If it were true that the majority of students learn nothing from the course, then it would not make sense that, according to their website, “John Baylor Prep’s online classes increase an entire high school’s ACT average score 1-2 points.”
High Schoolers around the country are taking this course seriously and are receiving serious results. For all the students that are nervous about applying for college or are unhappy with their score, having access to a prep course like this could make a huge difference in their score and their confidence.

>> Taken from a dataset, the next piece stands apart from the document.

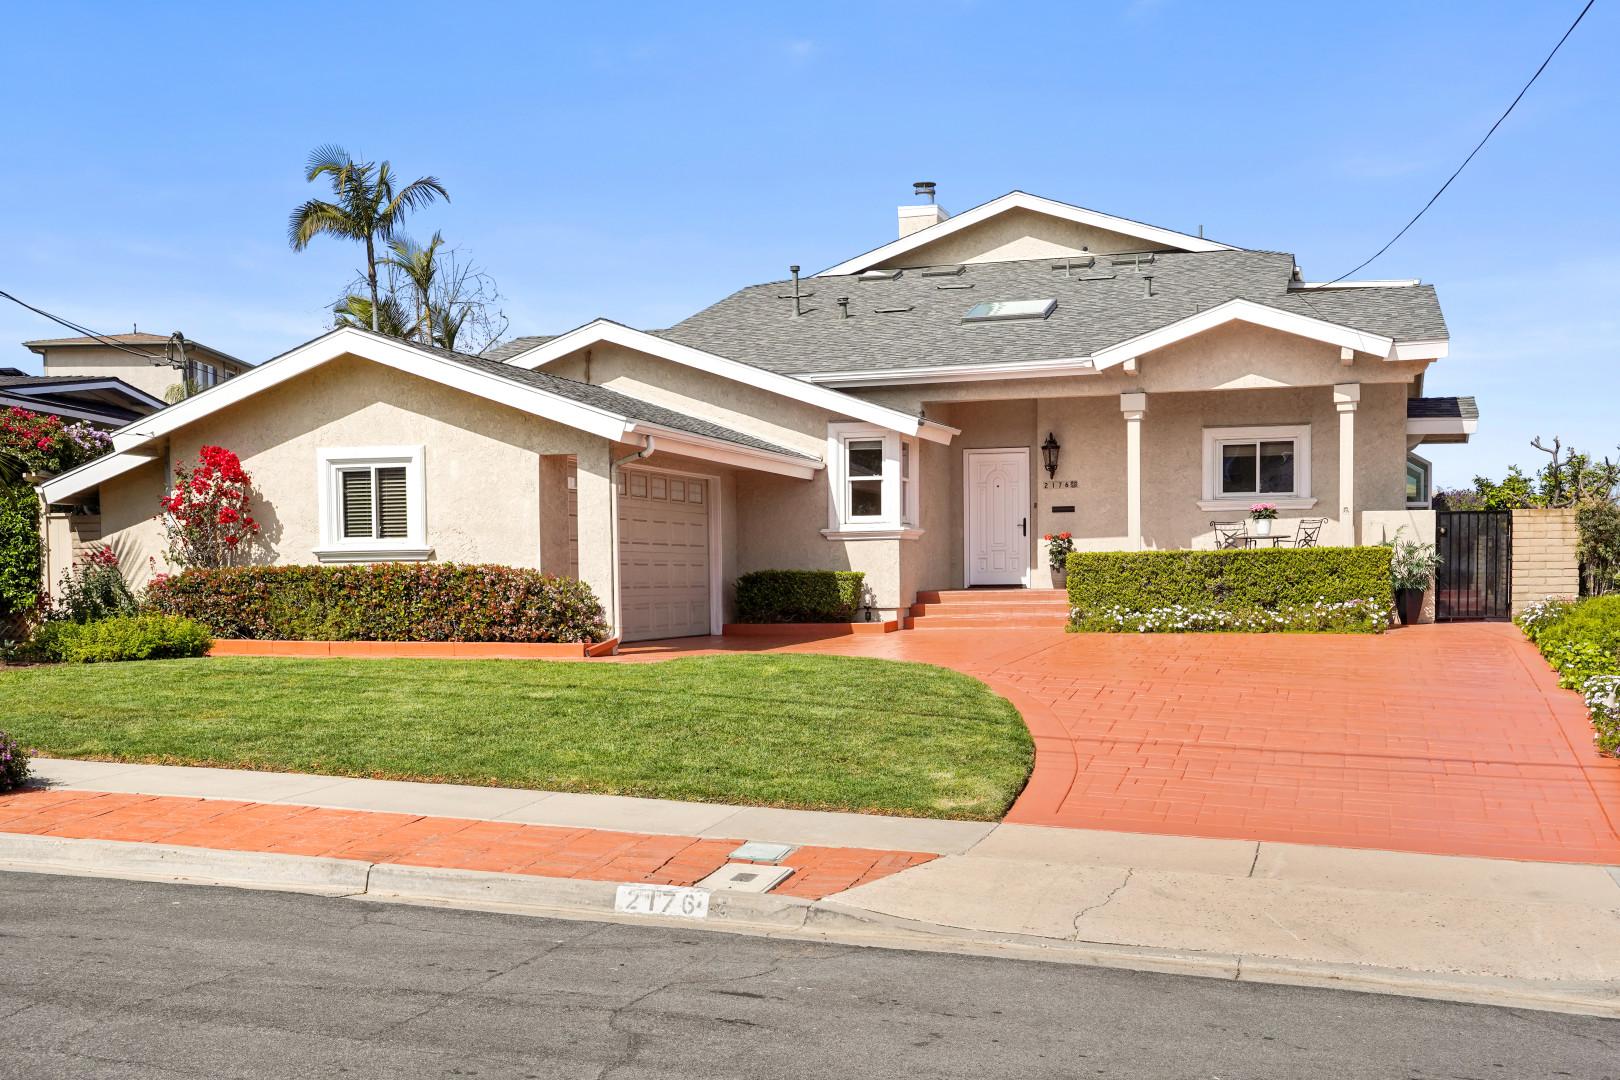 2176 Dunhaven St, San Diego, California 92110
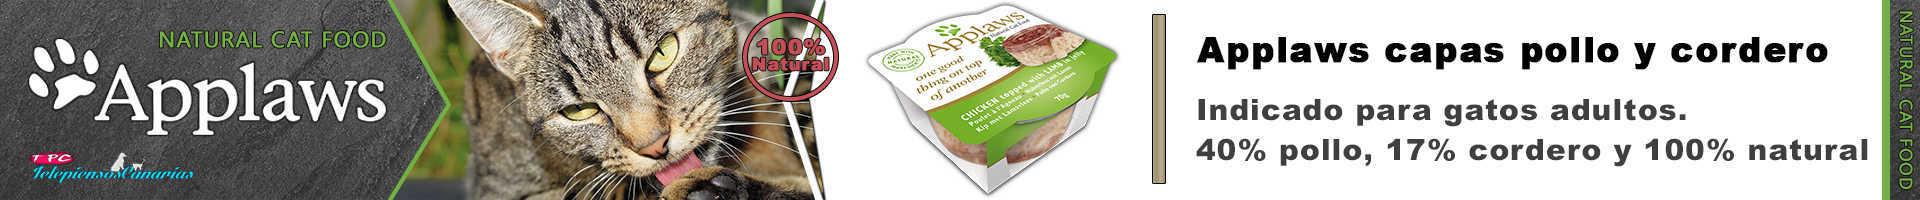 Applaws tasty capas con pollo y cordero

As students stride away from junior year and into their future, they can look back on the ACT with fond memories of “Bubble Time” and a great score for their college applications. – Junior Jenny Thompson

“Hammar the Grammar! Alright Scholars!” These are phrases that all sophomores and juniors heard at MN when it implemented a new ACT prep program. It ‘teaches’ all four categories of the test, but there are many areas in the prep that appear to be a way to ‘cheat’ the test rather than actually take it.

An example being his first grammar rule of the English section: “Chose the shortest answer unless the shortest answer is horrible.” This will not get a person far, if at all. Furthermore, John Baylor says, “If you get 3 out of 4 answers right in the first 50 questions, you can straight line the rest and still get a 20.” The test takers won’t know how many are correct in that section therefore, doing this method could bring a score down.
The average for sophomore Pre ACT scores was a 20.56. John Baylor’s goal isfor a 20, so we already have reached what the goal was. There needs to be a rigorous course that would increase that by 4 to 5 more points. The basic prep won’t get those score up.
If the school want to see a change in scores, they should have a semester long required class junior year that just focuses on the ACT. Doing an online program for three weeks doesn’t help at all.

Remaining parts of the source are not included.